Description of the task: All of the data should be given again word for word, though the images are to be left out.

Dataset excerpt:
_____

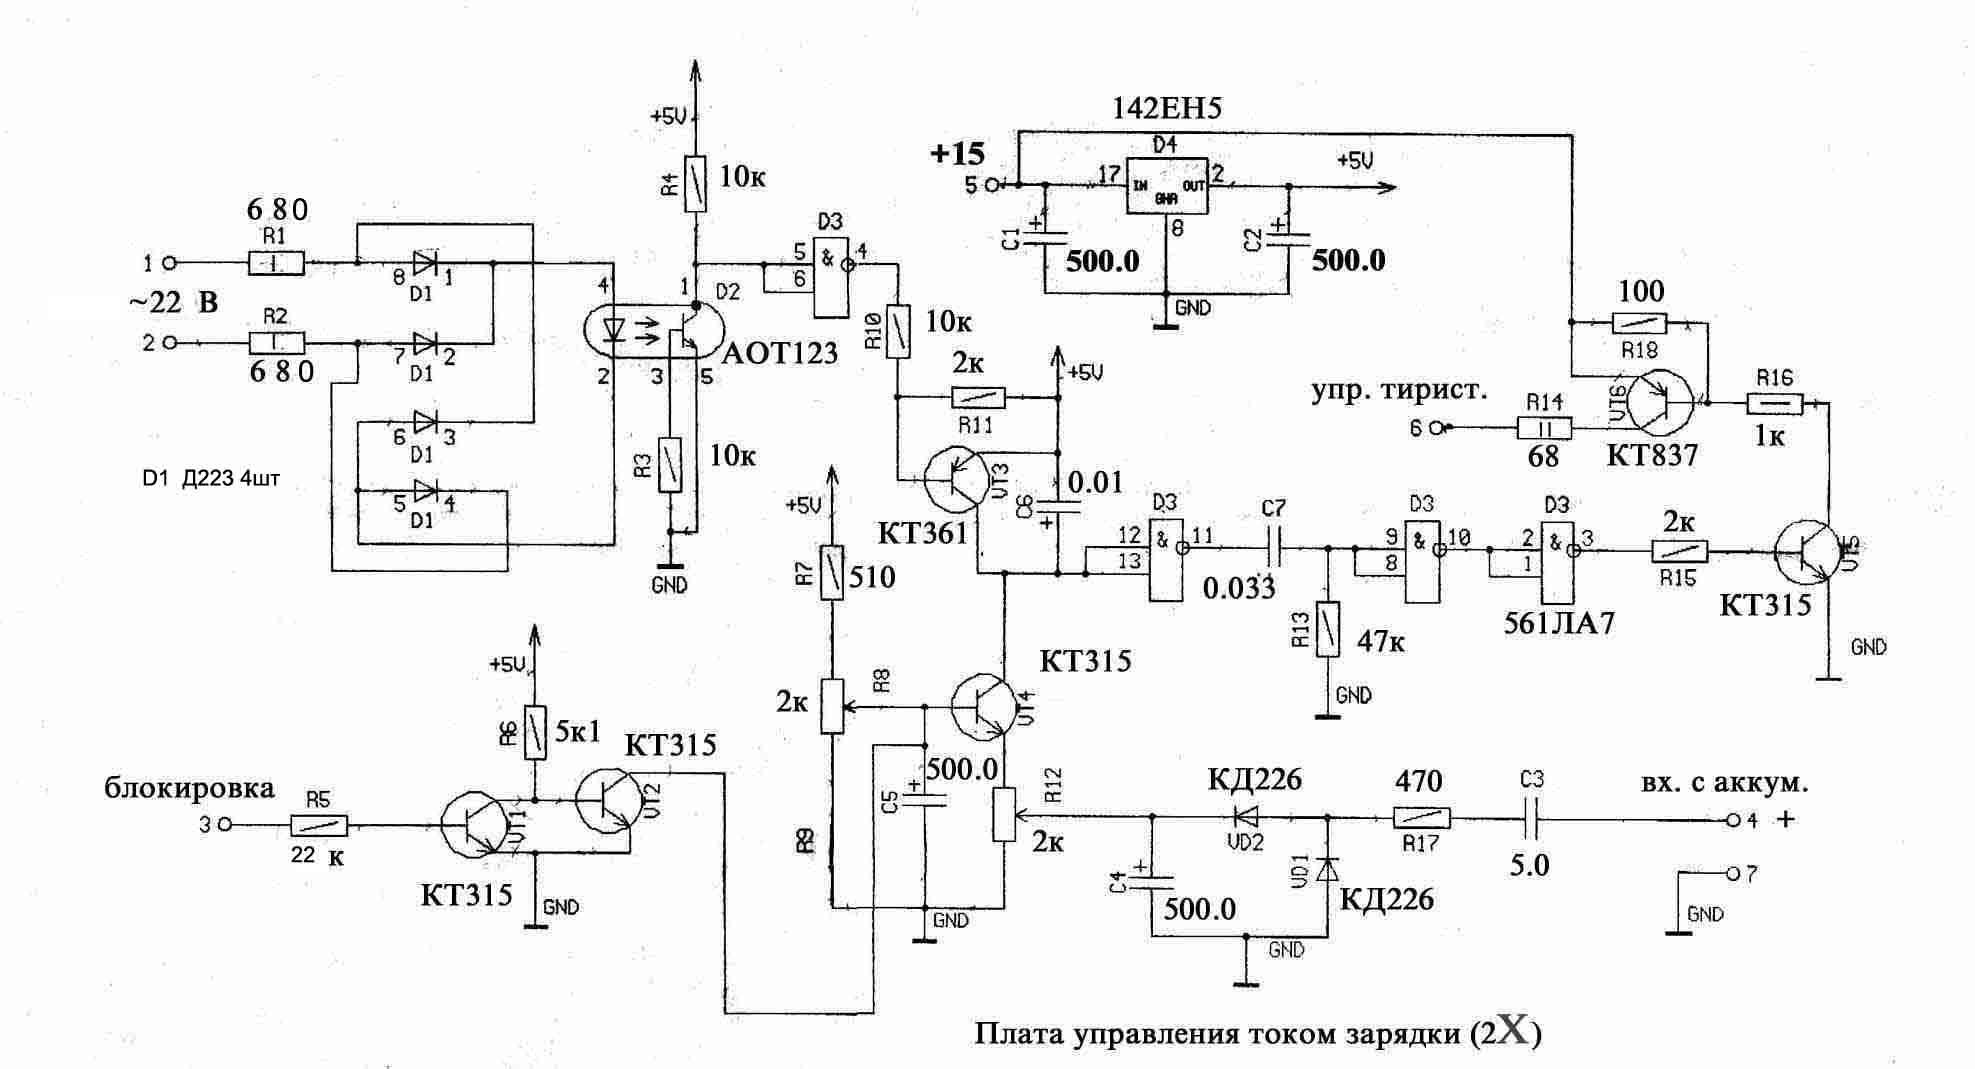 Схема зарядников для сотовых
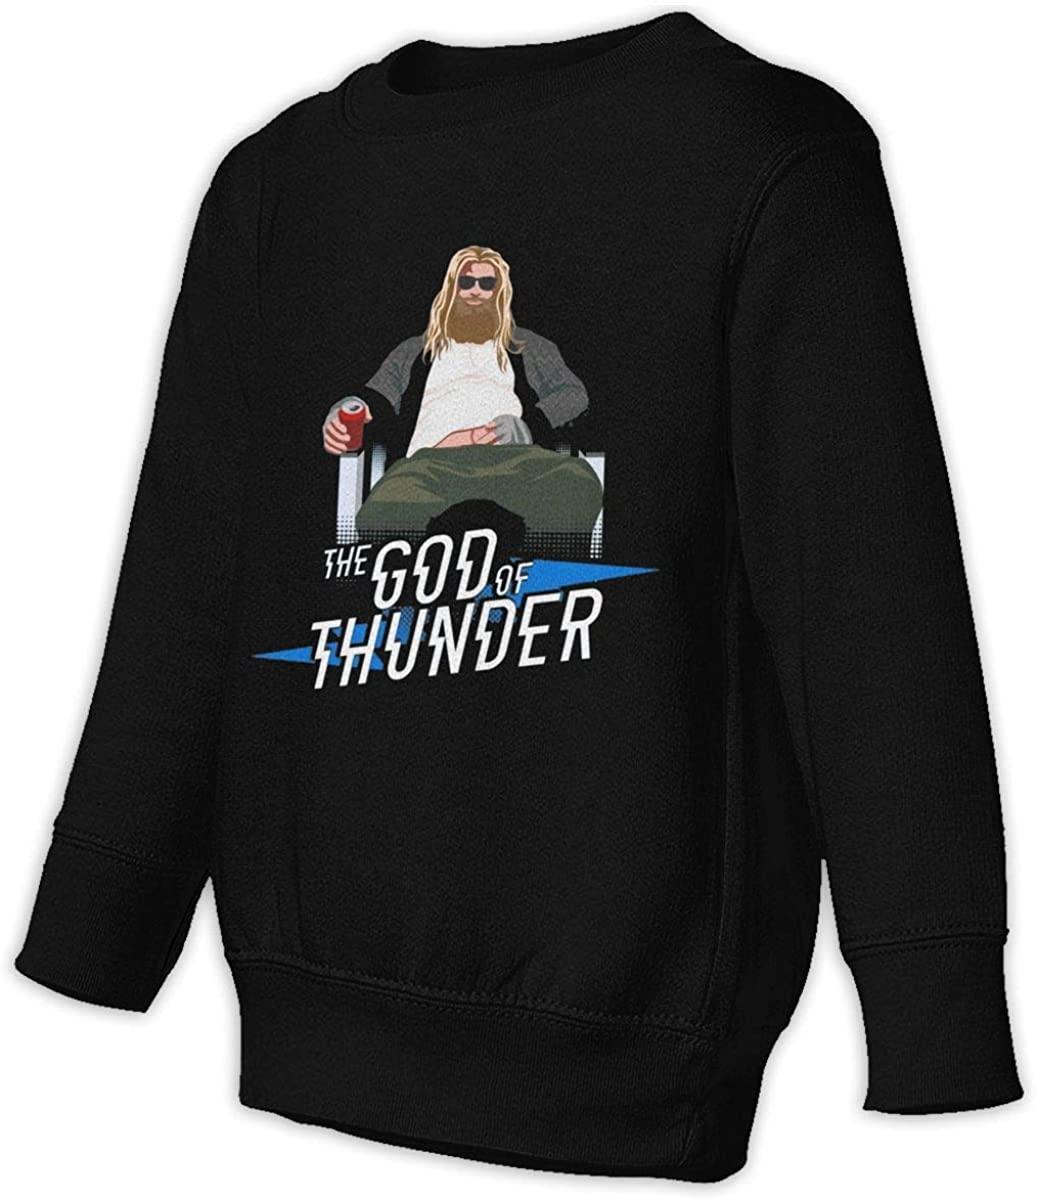 HUABDWA Fat Thor The God of Thunder Abides Unisex Sweatshirt Youth Boy and Girls Pullover Sweatshirt Black
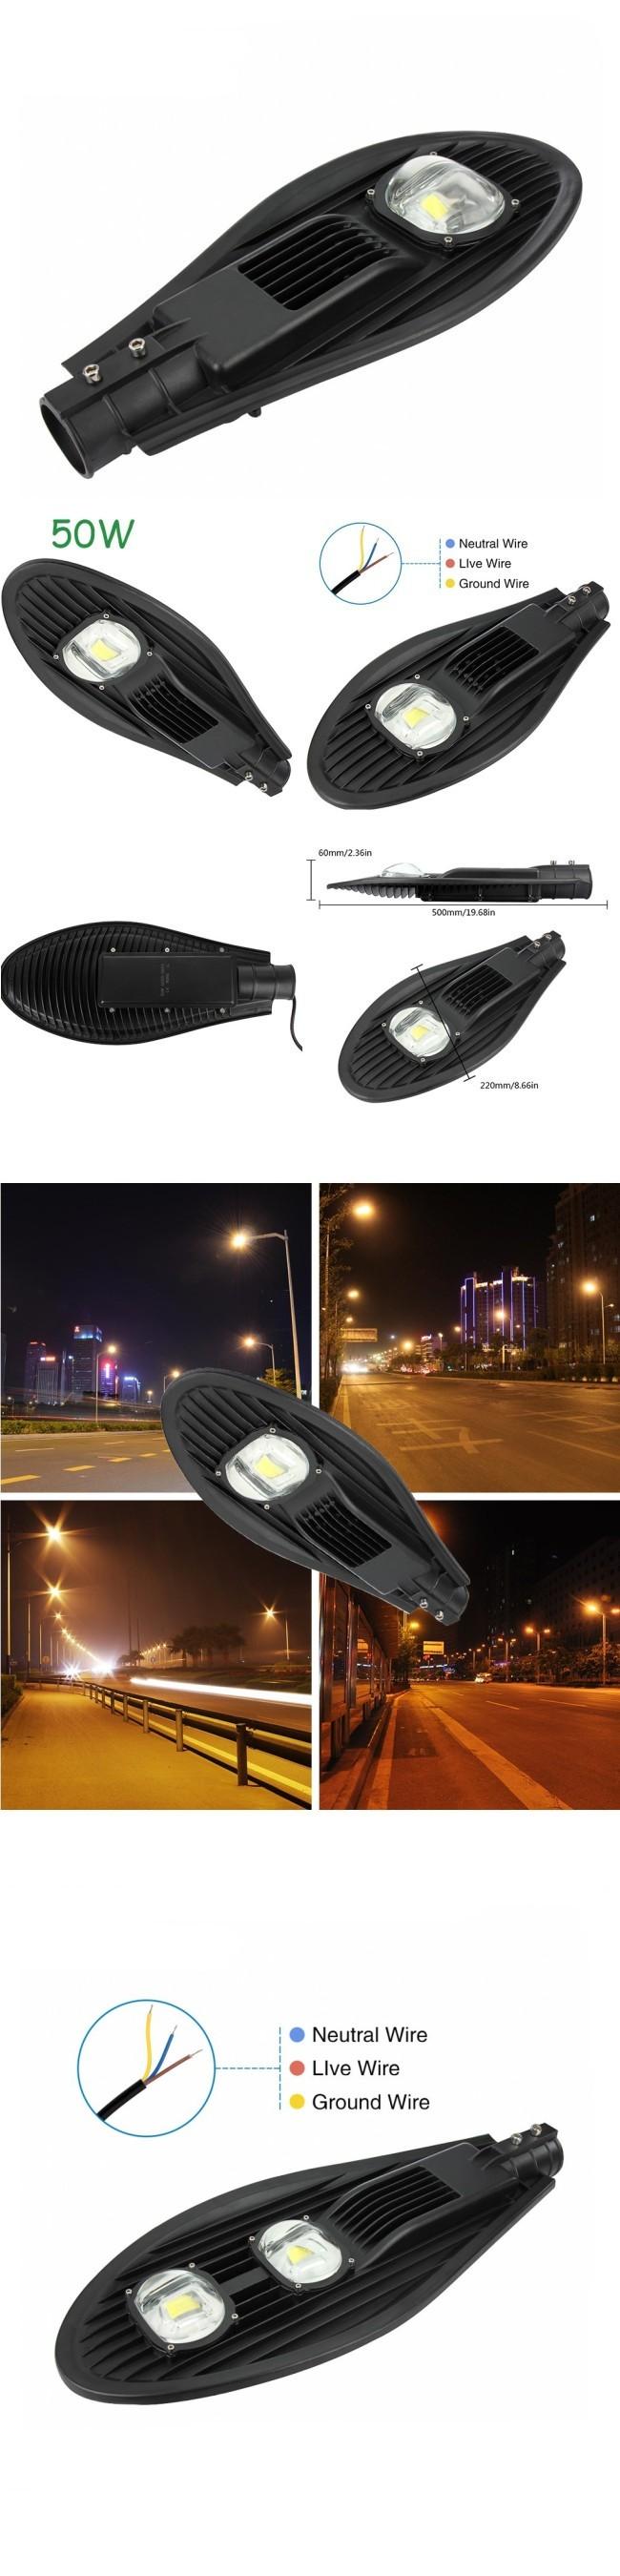 Outdoor 40W Solar LED Lamp 12V 24V Public LED Street Light

_____

Exercise response:
 Схема зарядников для сотовых
 HUABDWA Fat Thor The God of Thunder Abides Unisex Sweatshirt Youth Boy and Girls Pullover Sweatshirt Black
 Outdoor 40W Solar LED Lamp 12V 24V Public LED Street Light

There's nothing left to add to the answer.